Alors que Dell annonçait récemment un partenariat avec Canonical pour proposer Ubuntu avec certaines de leurs machines, c'est Toshiba qui a récemment contacté Ubuntu-fr pour assurer la compatibilité d'une de leur machine avec Ubuntu. C'est une excellente initiative et je suis heureux de voir l'intérêt que peut aujourd'hui présenter une solution libre pour de tels constructeurs. C'est encourageant après le bond en arrière que viennent de subir les Logiciels Libres...
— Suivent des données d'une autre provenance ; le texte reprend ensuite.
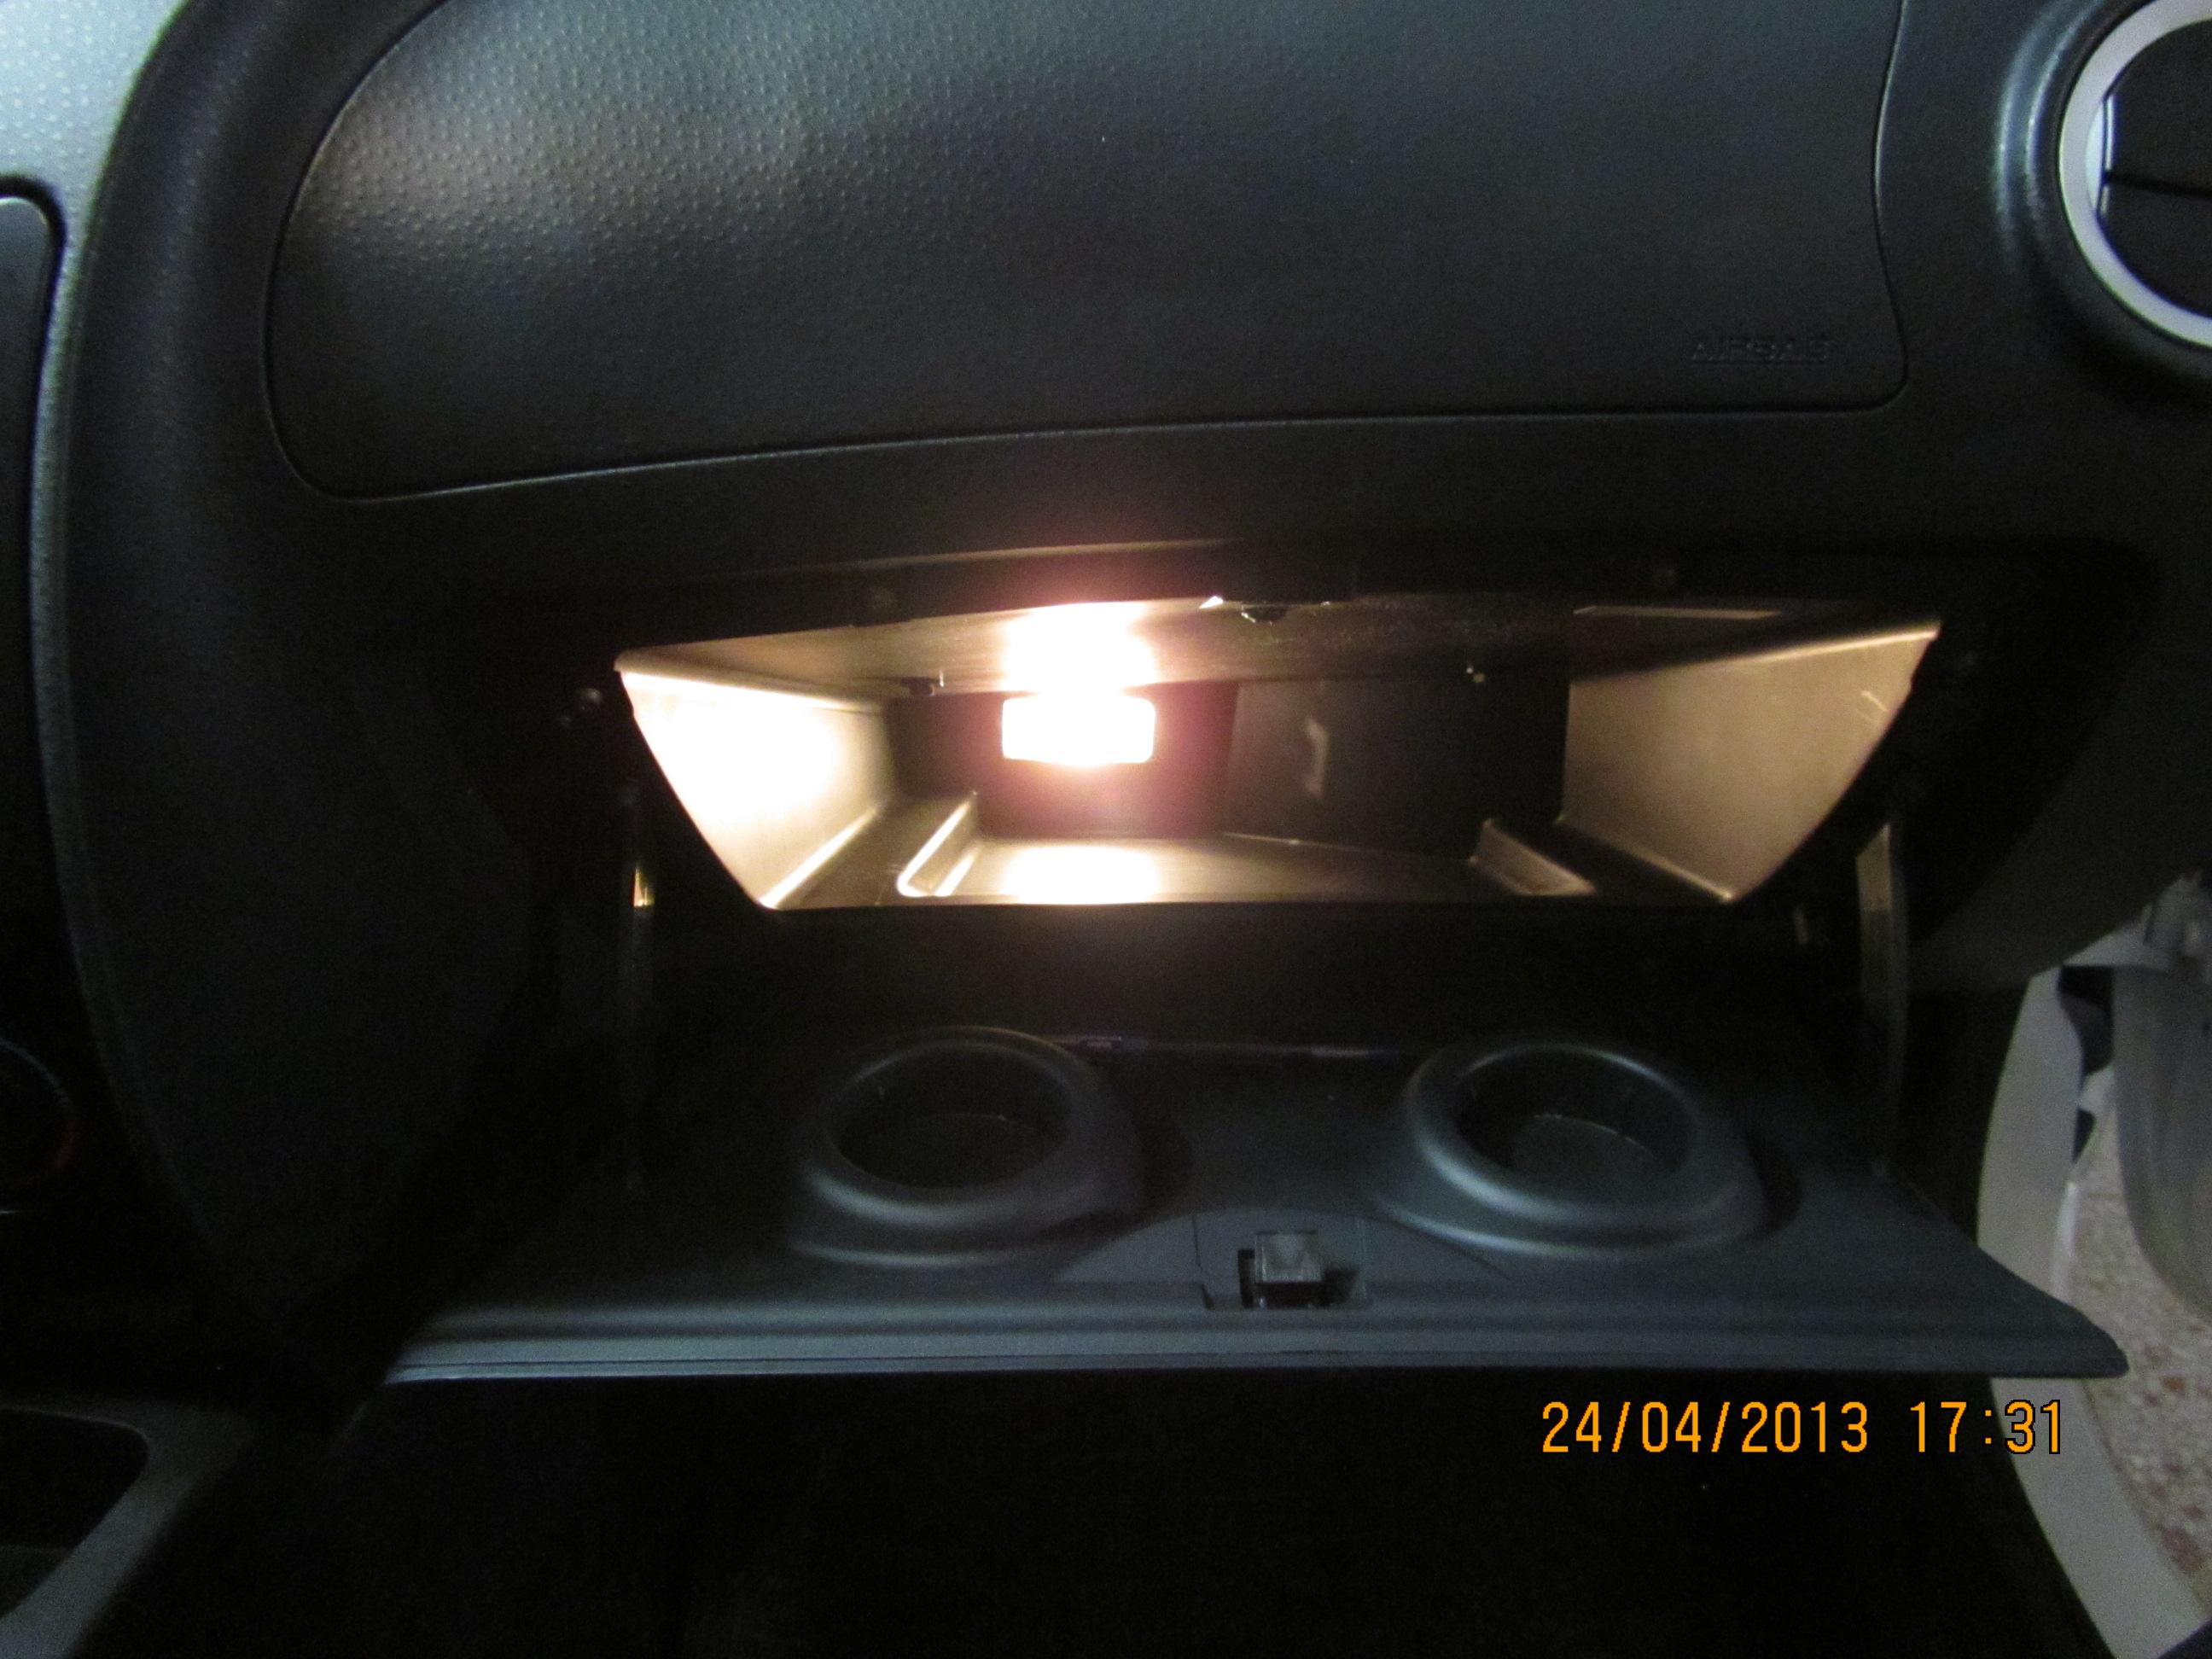 آموزش نصب تجهیزات رانا - تیونینگ تاک - تالارهاي خودرو

Test de Windows Vista : l'effet « Wow! »

C'était peut-être l'unique fois occasion de tester ce nouvel OS alors je n'ai hésité (d'autant qu'il fallait que je teste les fonctionnalités supportées avant de valider leur compatibilité avec Ubuntu ou non). Voila ce que j'ai pu retenir de cette « expérience » utilisateur :

  • Wow, c'est lent : 25 minutes lors du premier démarrage pour terminer l'installation de la version OEM c'est quand même pas ce qu'on fait de plus rapide... pour comparaison, c'est le temps qu'il m'a fallu pour installer ensuite Feisty ;
  • Wow, c'est compliqué : s'il y a un mot qu'ils ont définitivement enlevé de leur vocabulaire c'est simplicité, remarque ça doit bien illustrer les cours d'ergonomie. C'est simple, j'ai trouvé les caractéristiques de la bête au bout de 5 minutes ;
  • Wow, c'est bugué : les effets graphiques en sont encore au stade bêta, on dirait du beryl/compiz d'il y a 6 mois au moins ;
  • Wow, c'est puissant : après avoir téléchargé une image de la dernière version d'Ubuntu, je me suis mis en tête de la graver avec Vista. L'utilitaire par défaut ne sais pas effacer les CD réinscriptibles...

Bon je vais m'arrêter là car ce n'est pas l'objet de ce billet mais c'est assez affligeant pour ceux qui ont acheté un OS qui n'en vaut pas la peine... bref, j'ai quand même réussi à graver mon image et hop redémarrage !

Installation

Premier « soucis », le BIOS démarre sur le disque dur par défaut, il faut donc entrer via F1 dans la configuration et mettre le CD en premier. Une fois la manipulation effectuée, Ubuntu démarre sans problème avec le LiveCD. Les drivers propriétaires sont utilisés pour faire fonctionner le Wi-Fi (driver Intel) et ça marche du premier coup.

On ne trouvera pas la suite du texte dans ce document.